As a matter of logic, I don’t think it’s that hard to defend the old guard liberal position. Rich white men lucked out — through the whims of history and geography, they were in a position to first discover certain very effective principles in political and economic theory. Call this the extension of the “Guns, Germs, and Steel” argument to the realm of human affairs. The application of those principles has, itself, expanded the pool of people entitled to participate fully in our democracy (as well as business, academics, etc.). Thus, while there is an accidental set of historical circumstances that mean that white men first discovered and implemented these principles, the principles are available to anyone and indeed demand that everyone be allowed to participate.

There are plausible objections to this narrative, of course, but as a narrative it holds together well enough.
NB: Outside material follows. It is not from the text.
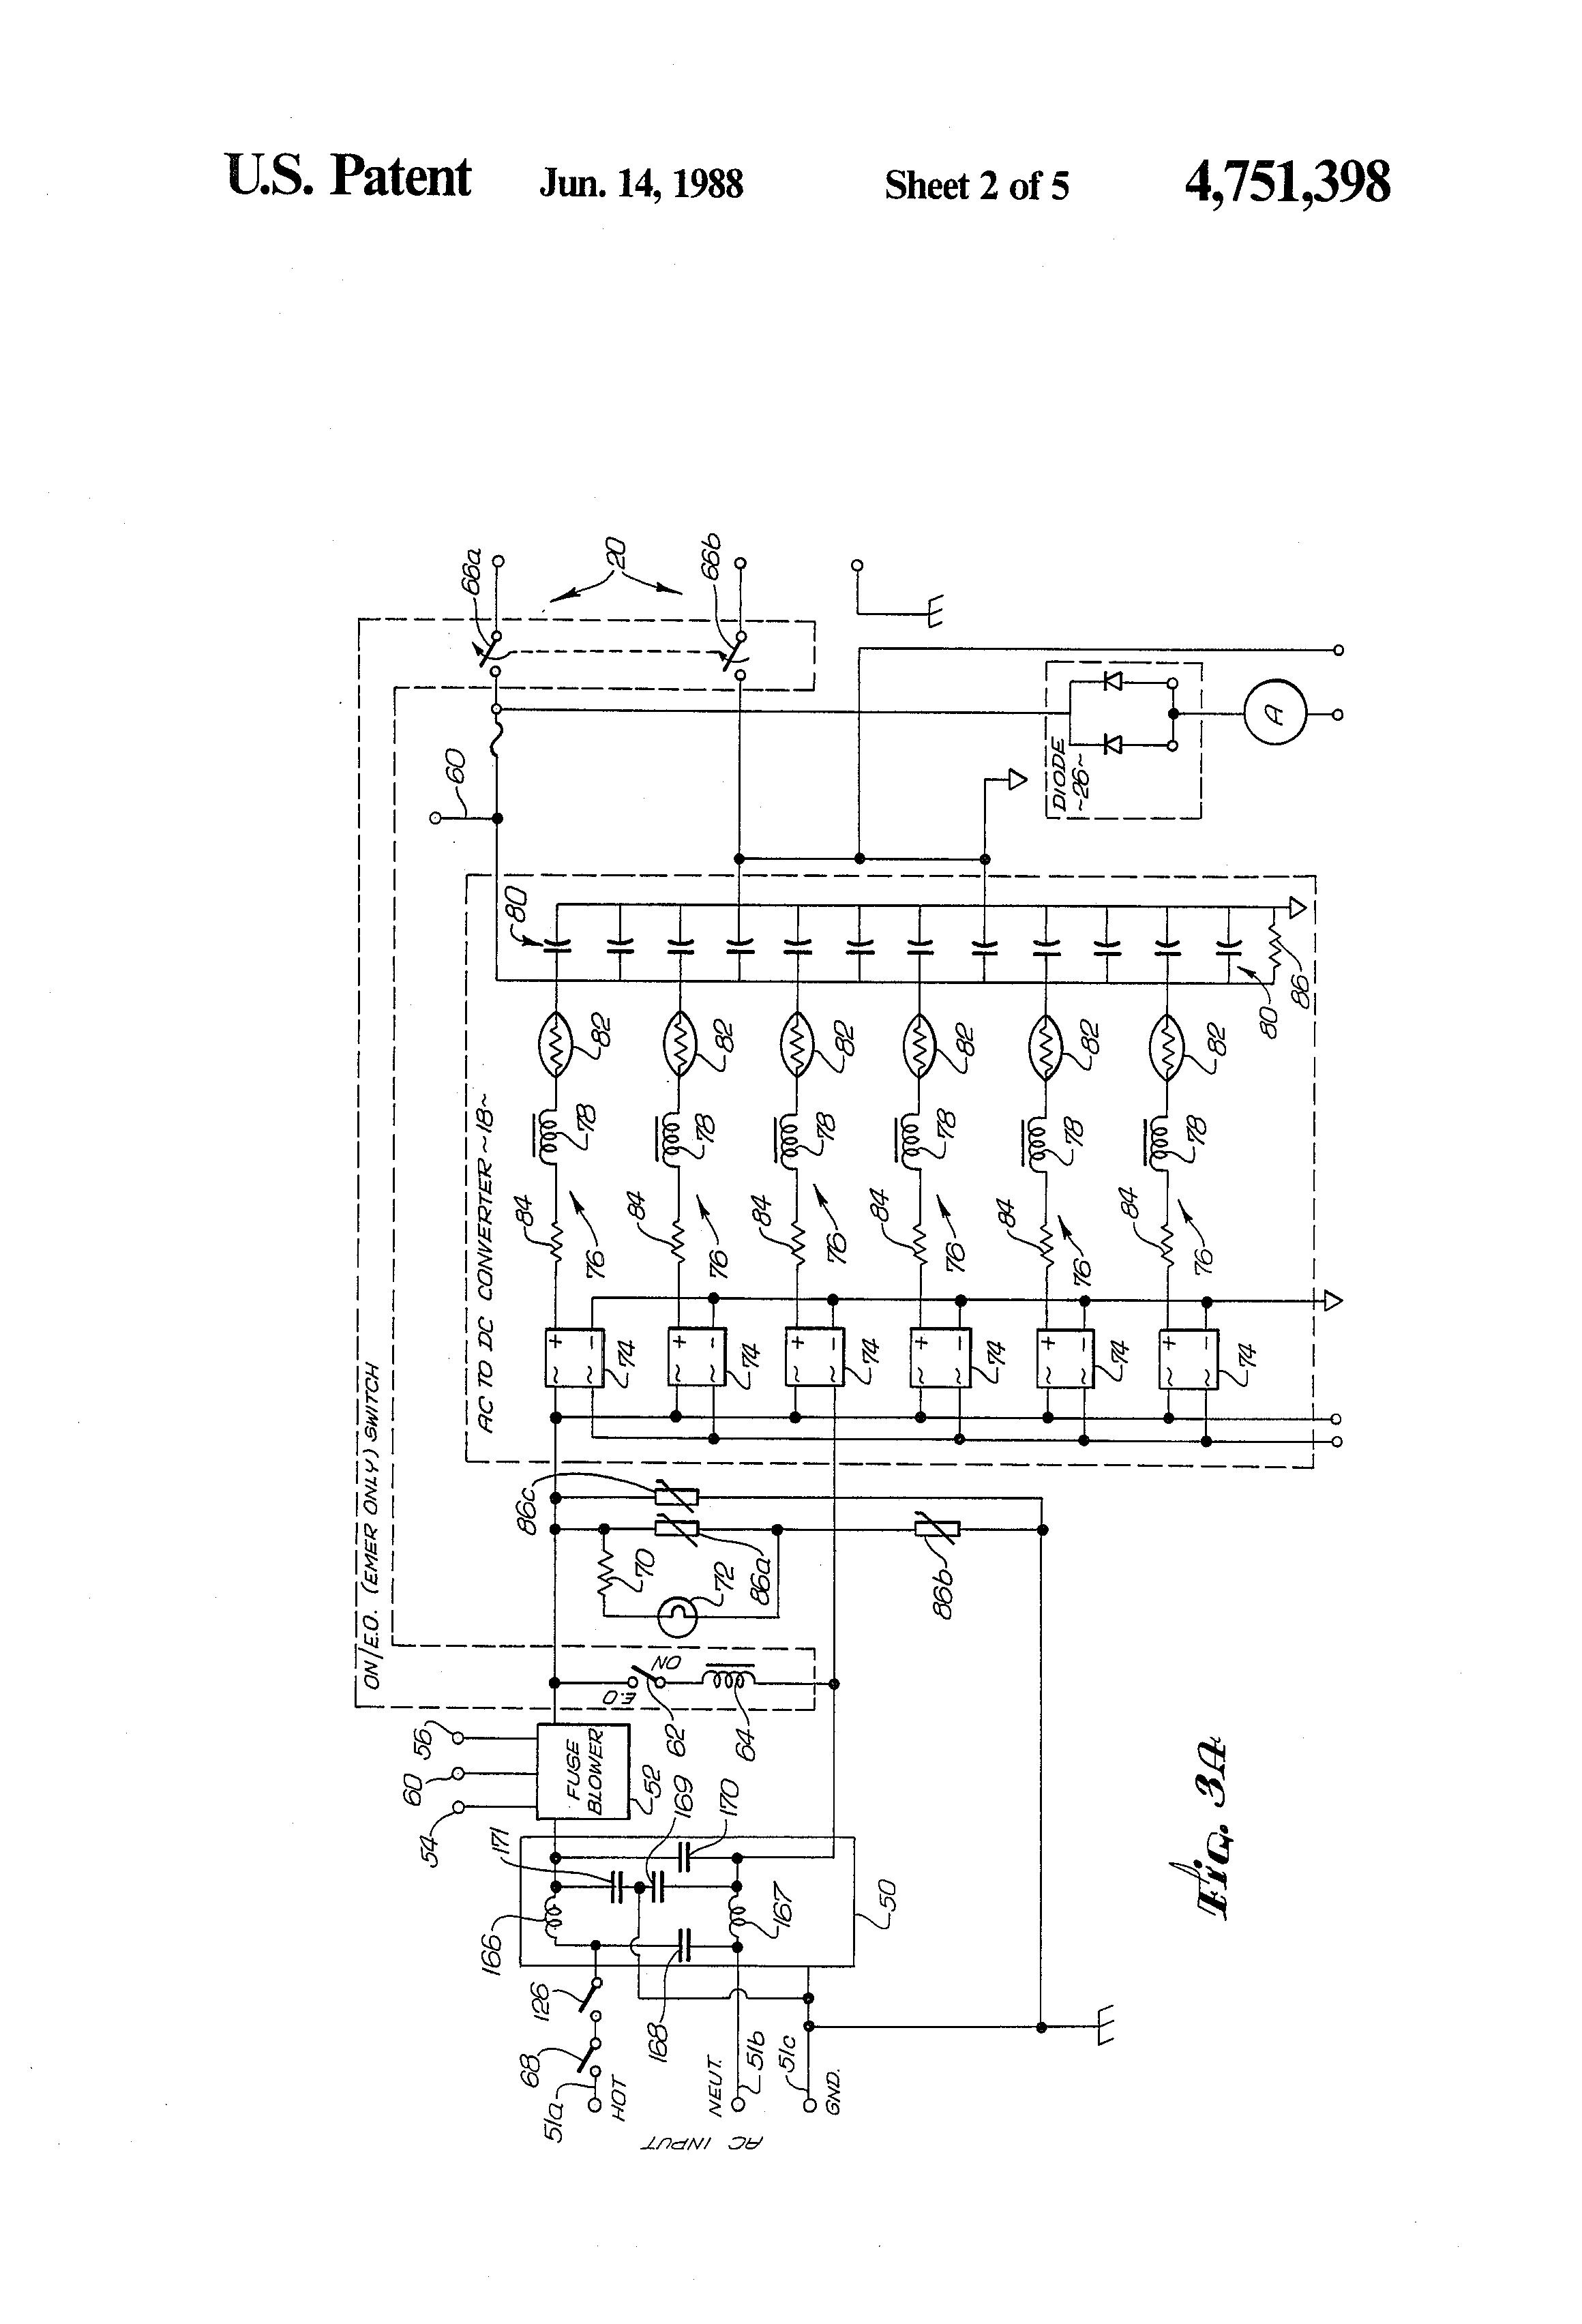 Diagram Bodine Lp600 Emergency Ballast Wiring Diagram Full Version Hd Quality Wiring Diagram Expertwiring Aikikai Des Lacs Fr

I think the old guard liberal position has struggled for three reasons. First, under the influence of (I’m sorry to use this term) post-modern academic thinking, liberals have abandoned the core idea that liberal principles are universal. Second, the above argument is just rhetorically more difficult than the new left argument. It’s harder to fit in a tweet or on a placard than “Old white guys — they suck, amirite?” And third, some of the rhetorical force of the old guard position and its claim to universalism has been squandered on patently awful experiments in export like Vietnam and Iraq, to say nothing of a fair amount of brutality and hypocrisy at home. Failure to live up to a principle doesn’t make the principle wrong, of course — the fact that your doctor doesn’t exercise doesn’t mean he’s wrong that exercise is good for you — but as a knee-jerk heuristic people have a hard time trusting someone who fails to follow his own advice.

So… liberalism struggles.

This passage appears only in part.